Originally published at vicistack.com. Follow us for more call center engineering content.
Last updated: March 2026 | Reading time: ~24 minutes
DTMF problems in VICIdial are the kind of issue that makes you question your career choices. The agent presses a button to transfer a call. Nothing happens. They press it again. Still nothing. The customer is sitting there listening to silence while your agent frantically clicks a button that used to work fine yesterday.
Or maybe it's your IVR. Callers dial in, hear "Press 1 for sales," and press 1. Your Call Menu doesn't register the digit. They press it again. And again. Then they hang up. You just lost a lead because of a DTMF configuration mismatch that takes 30 seconds to fix once you know what's wrong.

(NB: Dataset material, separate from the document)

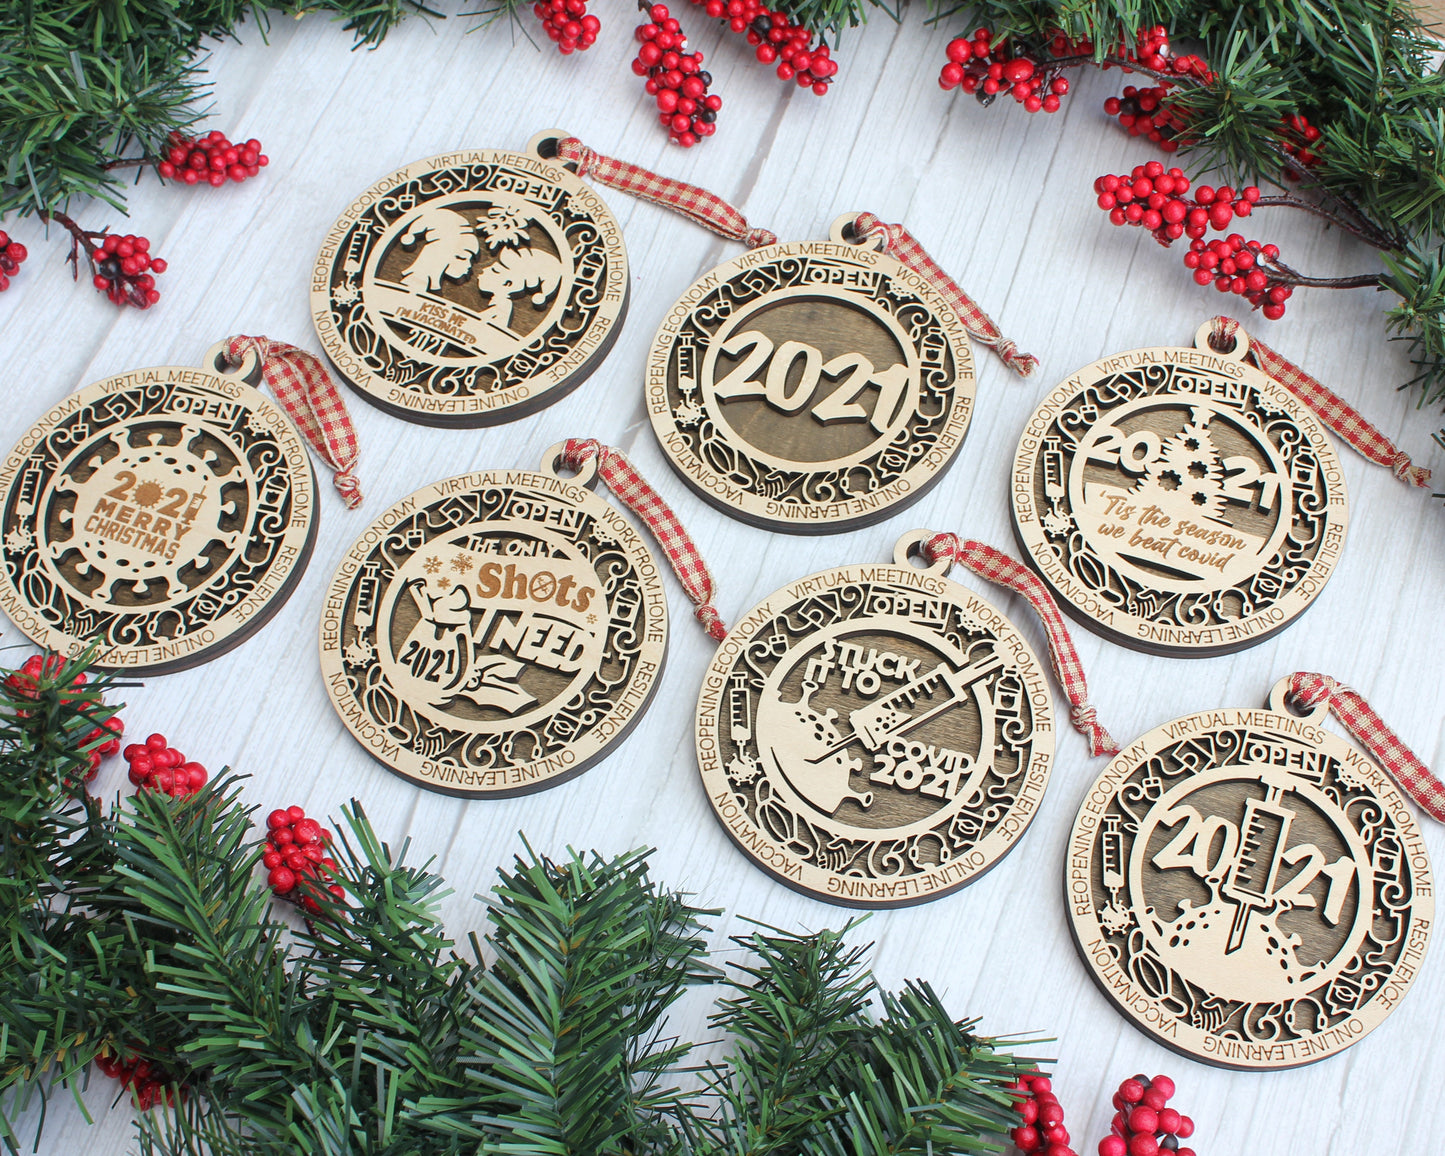 2021 Themed Christmas Ornament Bundle - 15 Designs - SVG File Download - Sized for Glowforge

I've been troubleshooting DTMF issues in Asterisk-based systems since 2012. The problem is almost always one of five things, and I'm going to walk through every single one of them with the exact configs you need.
What DTMF Is (30-Second Version)
DTMF stands for Dual-Tone Multi-Frequency. When someone presses a key on a phone, it generates two simultaneous tones at specific frequencies. The "1" key sends 697 Hz and 1209 Hz together. The "9" key sends 852 Hz and 1477 Hz. The receiving system decodes these tone pairs back into digits.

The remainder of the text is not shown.